Daisuke Anegawa et al. investigated the mechanisms responsible for cold resistance in the Syrian hamster’s hepatocytes, which exhibited remarkable resistance to prolonged cold culture. Their results suggest that hepatocytes exhibit diet-dependent resistance to cold, which is linked to the retention of α-tocopherol in the liver.

Cytoprotection by a naturally occurring variant of ATP5G1 in Arctic ground squirrel neural progenitor cells

Many organisms in nature have evolved mechanisms to tolerate severe hypoxia or ischemia, including the hibernation-capable Arctic ground squirrel (AGS). Although hypoxic or ischemia tolerance in AGS involves physiological adaptations, little is known about the critical cellular mechanisms underlying intrinsic AGS cell resilience to metabolic stress. Through cell survival-based cDNA expression screens in neural progenitor cells, we identify a genetic variant of AGS Atp5g1 that confers cell resilience to metabolic stress. Atp5g1 encodes a subunit of the mitochondrial ATP synthase. Ectopic expression in mouse cells and CRISPR/Cas9 base editing of endogenous AGS loci revealed causal roles of one AGS-specific amino acid substitution in mediating cytoprotection by AGS ATP5G1. AGS ATP5G1 promotes metabolic stress resilience by modulating mitochondrial morphological change and metabolic functions. Our results identify a naturally occurring variant of ATP5G1 from a mammalian hibernator that critically contributes to intrinsic cytoprotection against metabolic stress.

When animals hibernate, they lower their body temperature and metabolism to conserve the energy they need to withstand cold harsh winters. One such animal is the Arctic ground squirrel, an extreme hibernator that can drop its body temperatures to below 0°C. This hibernation ability means the cells of Arctic ground squirrels can survive severe shortages of blood and oxygen. But, it is unclear how their cells are able to endure this metabolic stress.

To answer this question, Singhal, Bai et al. studied the cells of Arctic ground squirrels for unique features that might make them more durable to stress. Examining the genetic code of these resilient cells revealed that Arctic ground squirrels may have a variant form of a protein called ATP5G1. This protein is found in a cellular compartment called the mitochondria, which is responsible for supplying energy to the rest of the cell and therefore plays an important role in metabolic processes.

Singhal, Bai et al. found that when this variant form of ATP5G1 was introduced into the cells of mice, their mitochondria was better at coping with stress conditions, such as low oxygen, low temperature and poisoning.
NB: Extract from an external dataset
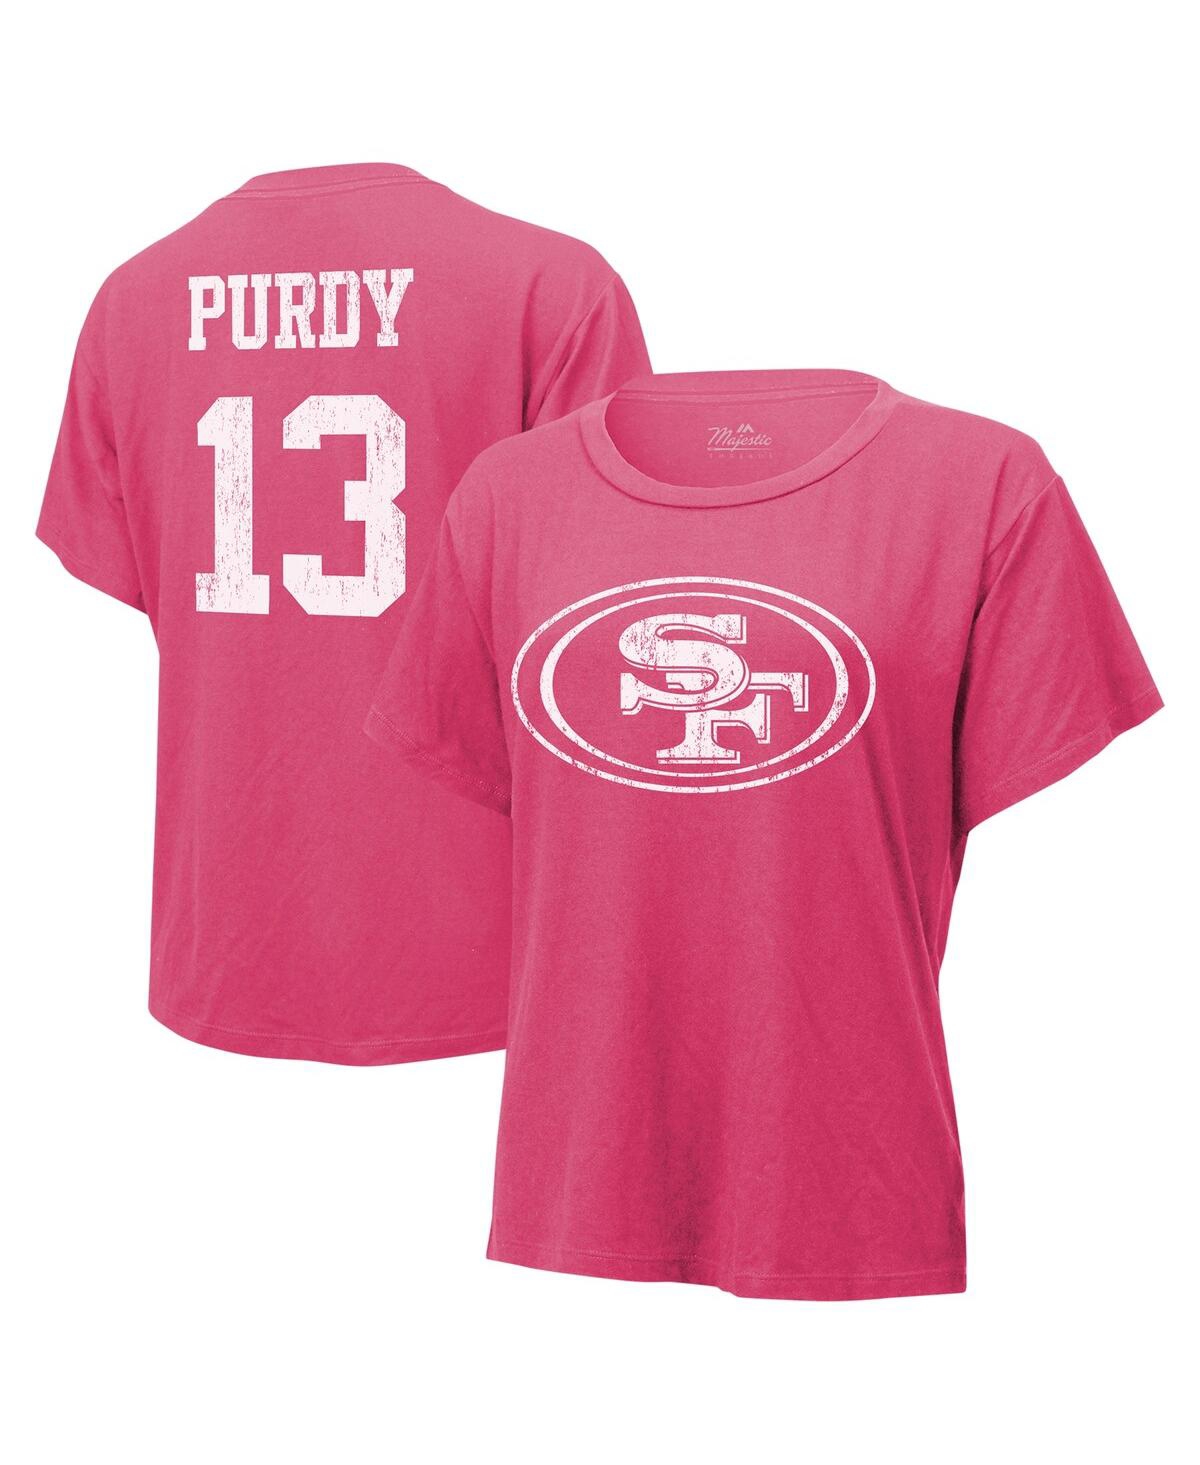 Women's Majestic Threads Brock Purdy Pink Distressed San Francisco 49ers Name and Number T-shirt - Pink

Using a gene editing tool to selectively substitute some of the building blocks, also known as amino acids, that make up the ATP5G1 protein revealed that improvements to the mitochondria were caused by switching specific amino acids. However, swapping these amino acids, which presumably affects the role of ATP5G1, did not completely remove the cells’ resilience to stress. This suggests that variants of other genes and proteins may also be involved in providing protection.
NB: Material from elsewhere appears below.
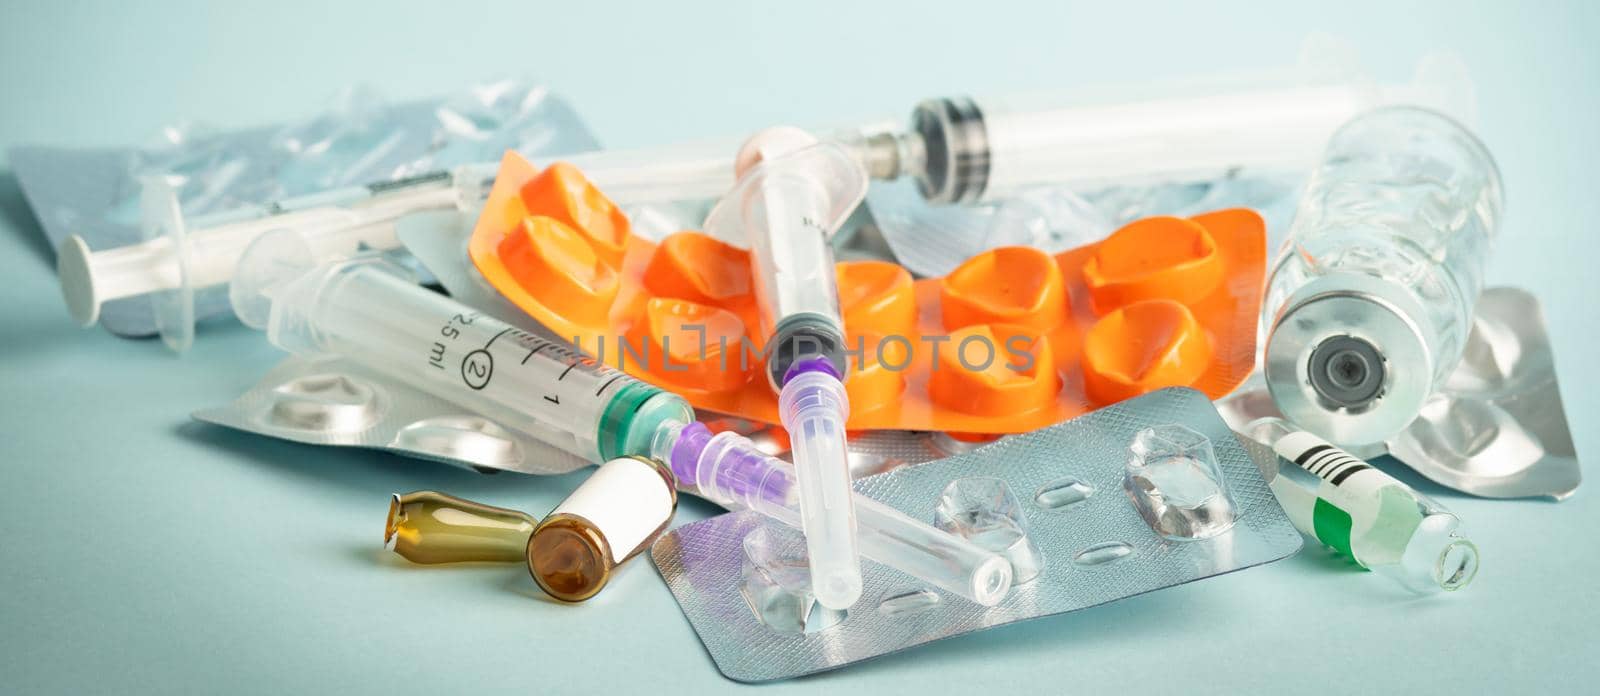 Used syringes and empty medication containers. A large number of empty medicine containers.

These findings provide the first evidence of a protein variant that is responsible for protecting cells during the metabolic stress conditions caused by hibernation. The approach taken by Singhal, Bai et al. could be used to identify and study other proteins that increase resilience to metabolic stress. These findings could help develop new treatments for diseases caused by a limited blood supply to human organs, such as a stroke or heart attack.